Jakub,
the following patch series implements the reduction handling for OpenACC:
01-trunk-reductions-core-1102.patch Core execution changes
02-trunk-reductions-ptx-1102.patch PTX backend bits
03-trunk-reductions-tests-1102.patch Testcases
The reduction mechanism relies on a new internal builtin -- IFN_GOACC_REDUCTION,
which is used in 4 different places. IYR the loop partionining is managed with
FORK and JOIN unique_fn markers. The reductions go around these as follows:
IFN_UNIQUE (HEAD_MARKER ...)
IFN_REDUCTION (SETUP ...)
IFN_UNIQUE (FORK ...)
IFN_REDUCTION (INIT ...)
IFN_UNIQUE (HEAD_MARKER)
<loop here>
IFN_UNIQUE (TAIL_MARKER ...)
IFN_REDUCTION (FINI ...)
IFN_UNIQUE (JOIN ...)
IFN_REDUCTION (TEARDOWN ...)
IFN_UNIQUE (TAIL_MARKER)
There's a quad of functions for each reduction variable of the loop. If a loop
is partitioned over multiple dimensions, there are additional quads for each
dimension, surrounding the fork/join for that dimension.
All the reduction calls look similar and are:
V = REDUCTION (KIND, REF_TO_RES, LOCAL_VAR, LEVEL, OP, OFFSET)

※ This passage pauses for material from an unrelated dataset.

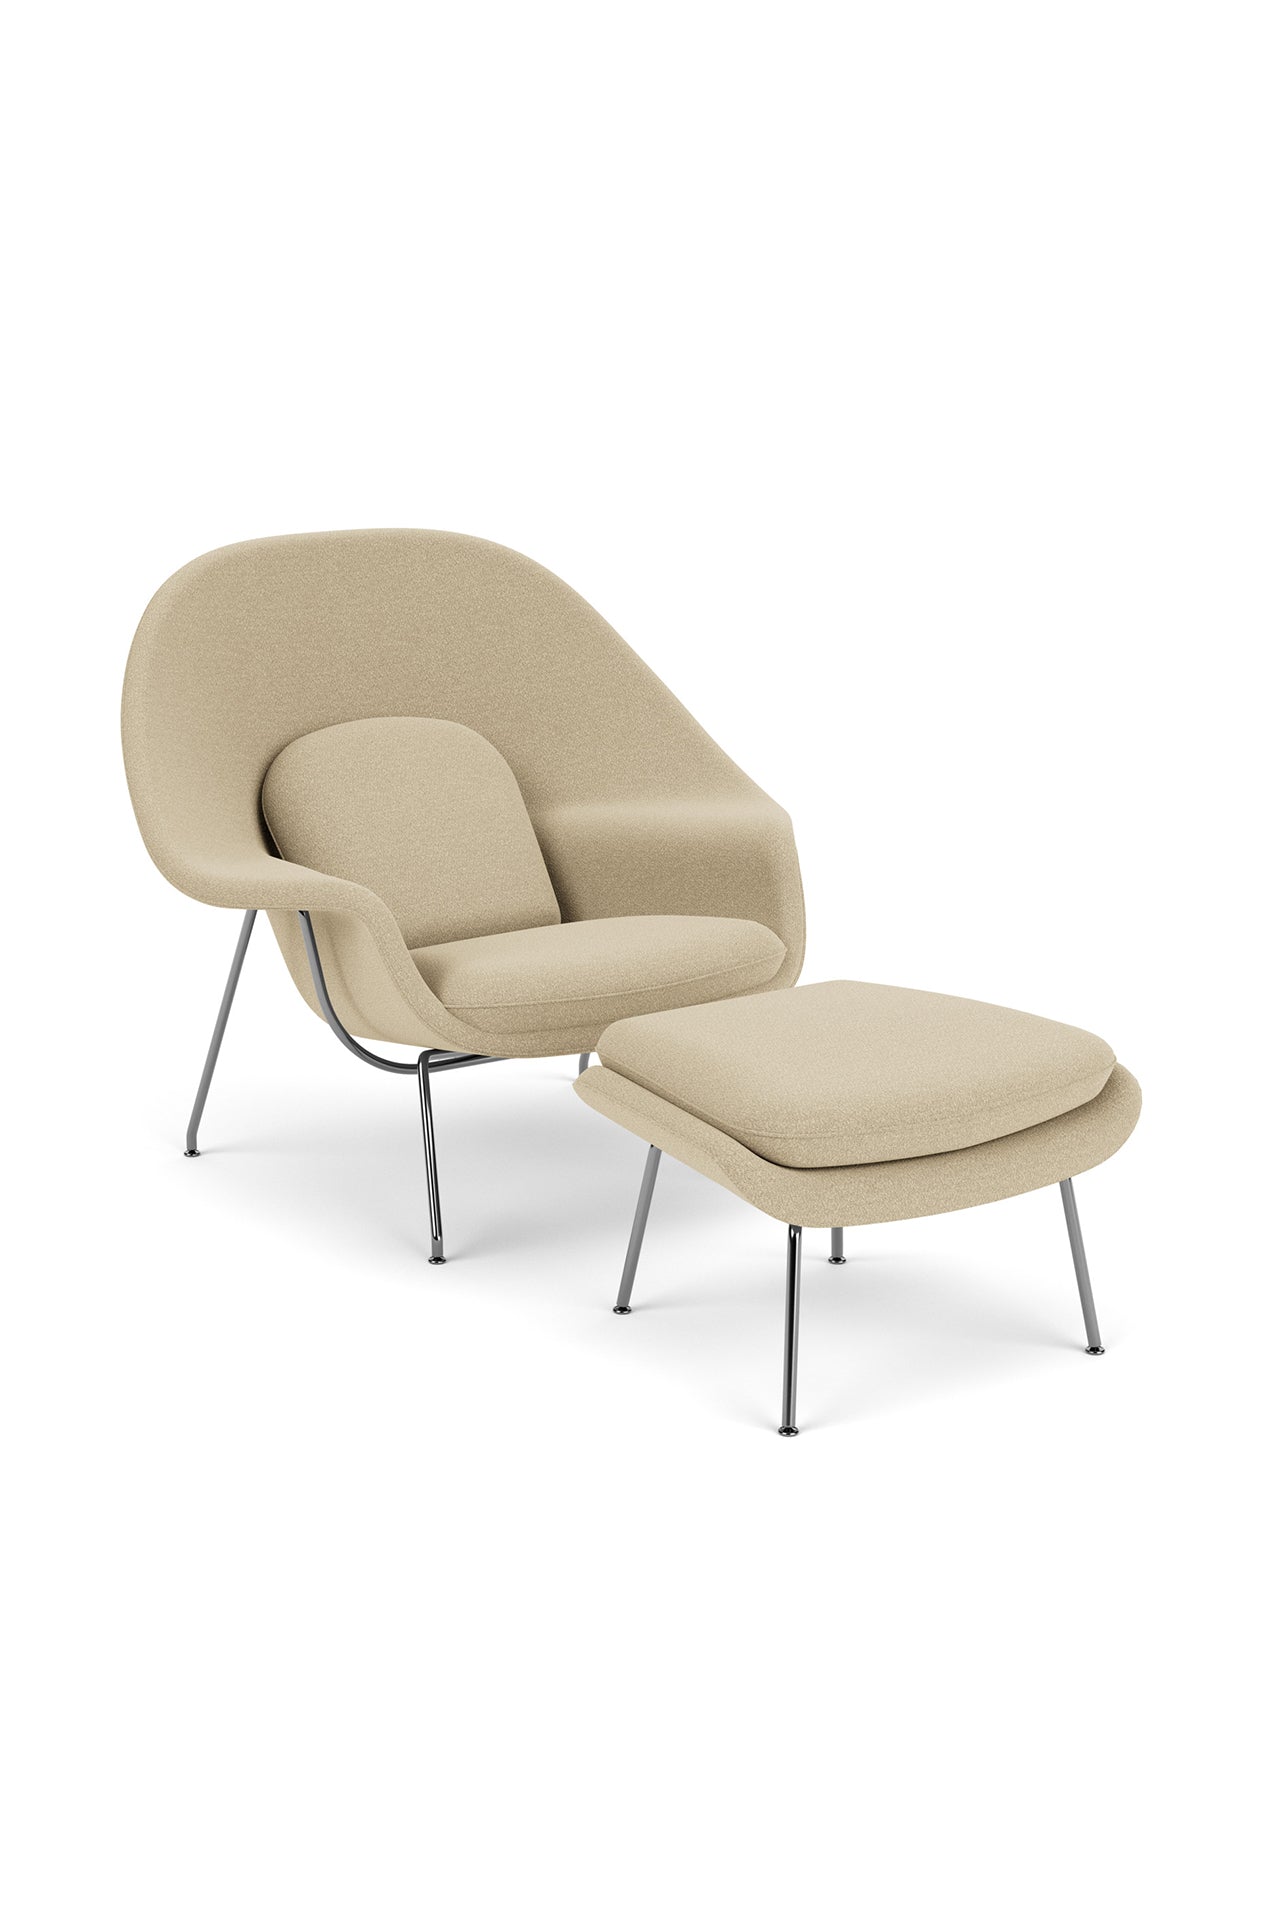 Knoll Womb Chair With Ottoman Designed By Eero Saarinen in Neutral Tan - Front Image (6606269907059)

REF_TO_RES is a pointer to a reciever object. it is a null pointer constant if
there is no such object.
LOCAL_VAR is the executing thread's instance of the reduction variable.
LEVEL is the dimension across which this reduction is partitiong (gang, worker,
vector). As with the head/tail markers,this assignment of level is deferred to
the target compiler.
OP is the reduction operator
OFFSET is an offset into a hypothetical buffer allocated for all the reductions
of this particular loop. It's a way of identifying which quad of reductions
apply to the same logical variable, and happens to be useful in some use cases
(I'll expand on that in the PTX fragment).
All these functions return a new value for the local variable.
When everything collapses to a single thread (i.e. on the host), the
implementation of these functions is trivial.
SETUP
- if REF_TO_RES is not nullptrconst, return *REF_TO_RES, else return
LOCAL_VAR (this is a compile-time check)
INIT & FINI
- return LOCAL_VAR
TEARDOWN
- if REF_TO_RES is not nullptrconst *REF_TO_RES = LOCAL_VAR.
always return LOCAL_VAR